Hiring your first VA is one of the most exciting developments in your business. Also, even if it’s not your first time hiring a VA, there is still a certain excitement you feel. It is no secret that VAs are like fairy godmothers that help you with your business.

The process of hiring a superstar VA is a simple one, but with small details that are easy to miss. These details, once missed out, can negatively affect the whole hiring process. This impact in turn has a major significance on the quality and type of VA you will hire.

Your business depends on your VA or your team of VAs. This means that if you hire a VA who’s incompatible with how you work, or a VA who doesn’t have the right skill sets, it could hit your business in a not so good way. Imagine paying a VA who doesn’t deliver the outputs you are expecting. It will be an unnecessary and an unpleasant cost. Of course, you would want to pay someone who will deliver or even exceed your expectations.

With that said, we at Global VA Solutions make sure that we provide the best possible hiring experience to all candidates. This way, once we endorse the VA, our clients are guaranteed to have a VA who not only performs as expected, but also shows a great character.

Now, of course I don’t want you to experience the hiring woes I experienced in the past. So I’m here to guide you on lessons I’ve learned - hiring mistakes that all business owners should avoid.

This list is in no particular order. These are all significant and small details that most business owners tend to miss out. Let’s go!

Not Detailed Job Post

When creating your job postings, what details do you normally indicate? Do you provide details regarding the position you’re hiring for? Do you indicate the crucial skills you are looking for?

Your hiring process starts with the creation of your job posting.
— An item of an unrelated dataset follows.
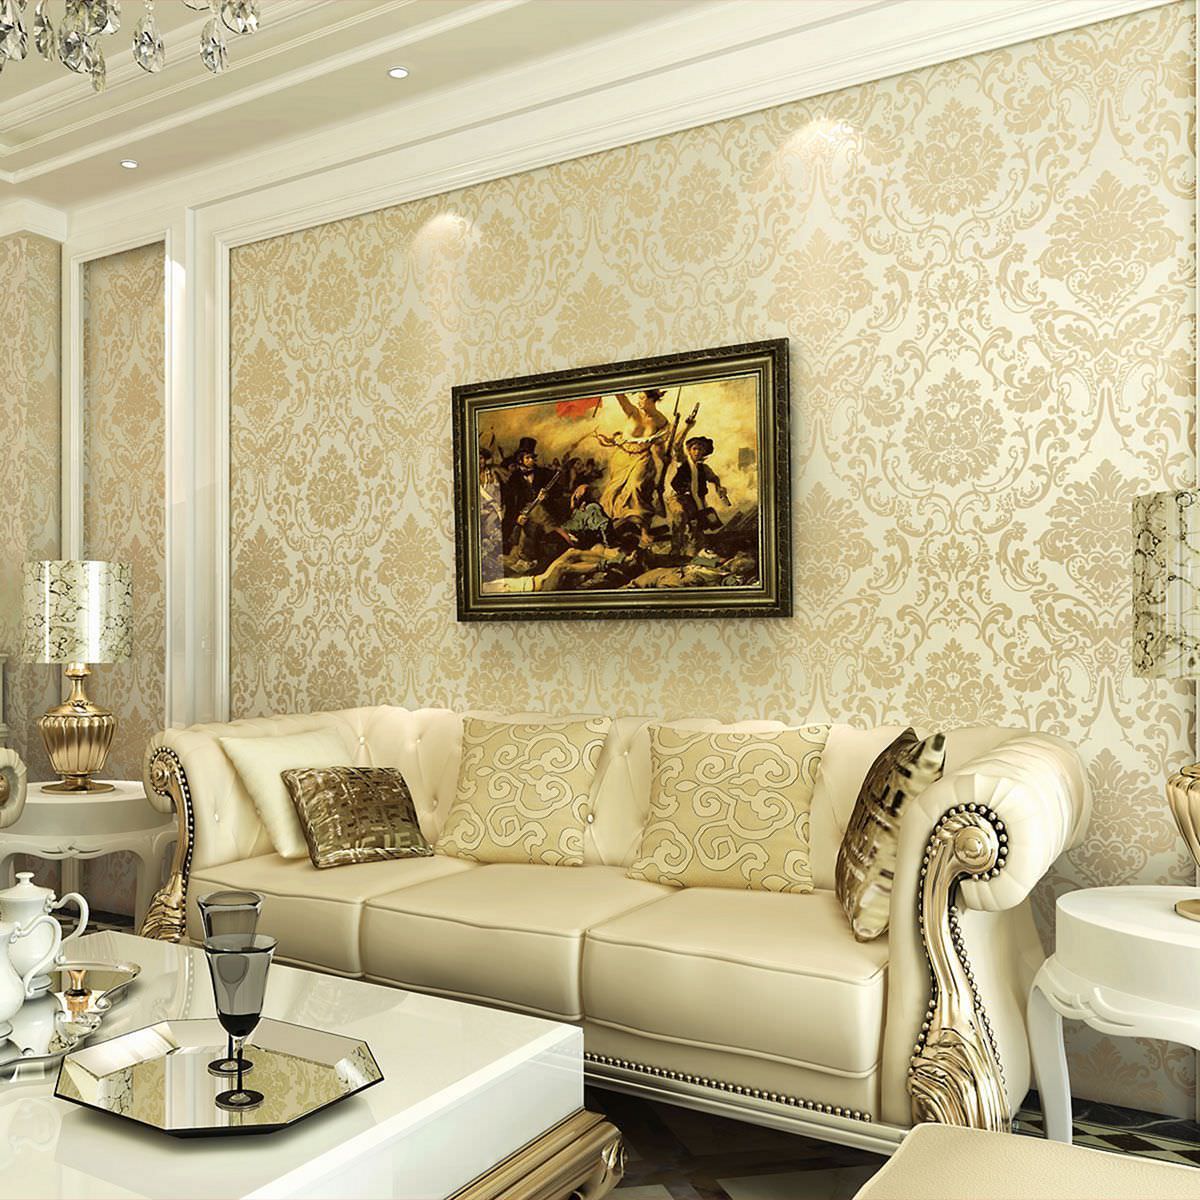 Giấy dán tường hoạ tiết phong cách cổ điển trang trí phòng khách sang trọng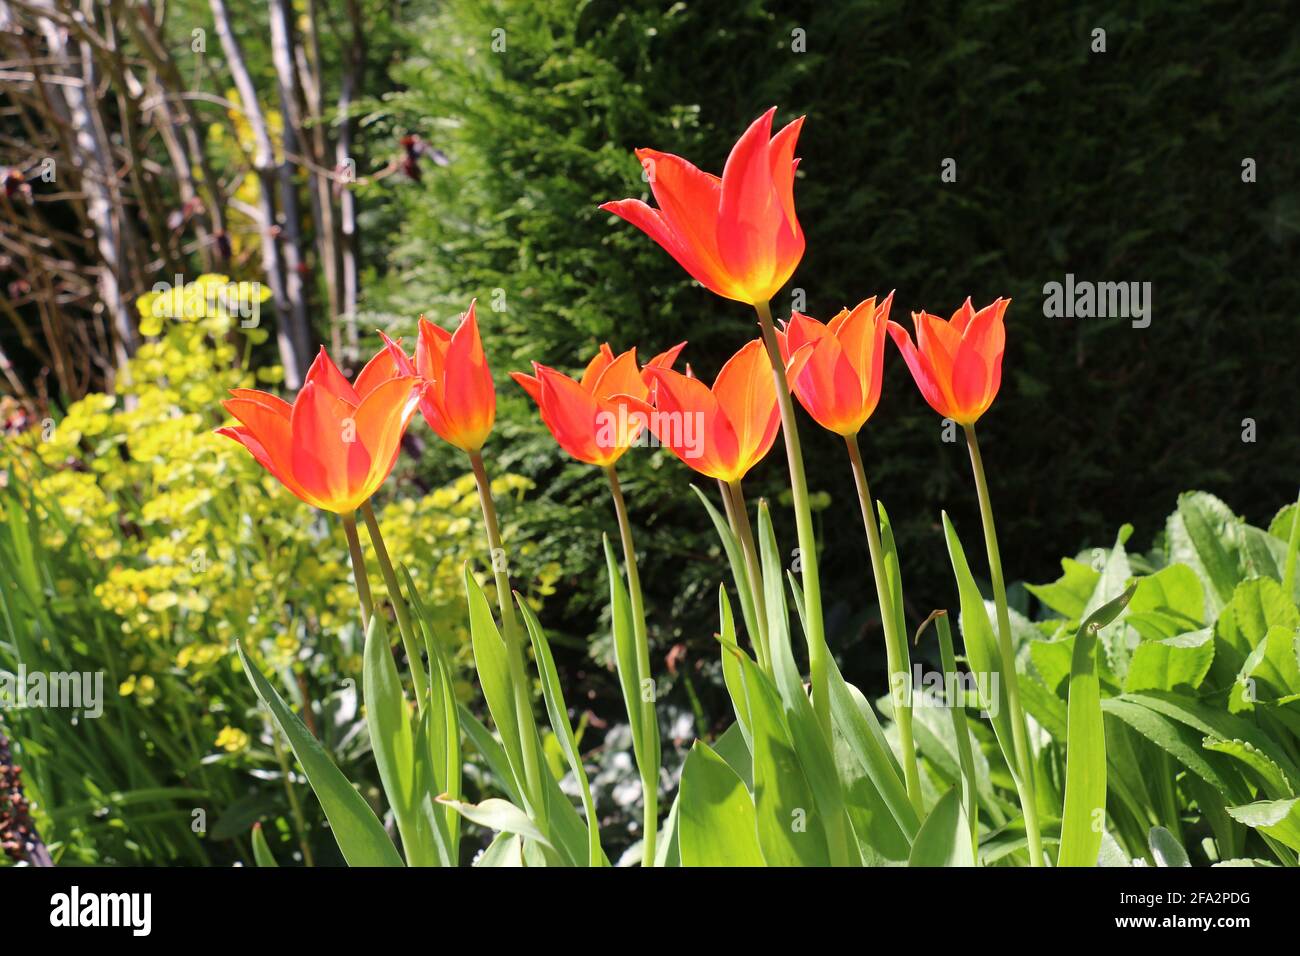 Fleurs de tulipe orange vif, Tulipa ballerina, tulipe à fleurs de nénuphars, floraison au printemps, Shropshire UK Banque D'Images

Most business owners do not take the time to create a detailed job posting. In their minds, they will just explain everything with the candidate once the candidate’s already scheduled for an interview. The problem here is that these undetailed job postings attract very few potential candidates. Because of it, the pool of talents a business owner has to choose from will be significantly small.

If you’re not sure what details you need to put on your job posting, then research is the key. Surf the web and look for similar job postings. Use these job postings as inspiration for you to have an idea on what to indicate on your own ad.

The bottom line is to make your job advert as detailed as possible.

  • Put a description on the role you are looking for

  • Indicate the skills and relative job experiences you need

  • Likewise, indicate your other prerequisites and preferences e.g. knowledge on certain software/apps

  • Indicate the type of employment you are looking for: long-term, part-time, contractual, etc.

  • You also need to let applicants know how to apply for the position

  • And if an applicant has queries, let them know how they can contact you

Checking Of Skills And Experience

Once you’ve put out your job adverts expect applicants soon after. Applicants will range from qualified to unqualified ones. Yes, believe me, there will still be applicants who will inquire or try to apply even if their skills and experiences do not match what you’ve put on the advert. It will be easy to sort out qualified versus unqualified ones though.

However, there will be applicants who will put your required skills and experiences within their résumés to slip through your initial screening. Sadly, there are people who do this. We can’t blame them though. With the amount of people who got laid off from work, a lot resort to this tactic to land jobs.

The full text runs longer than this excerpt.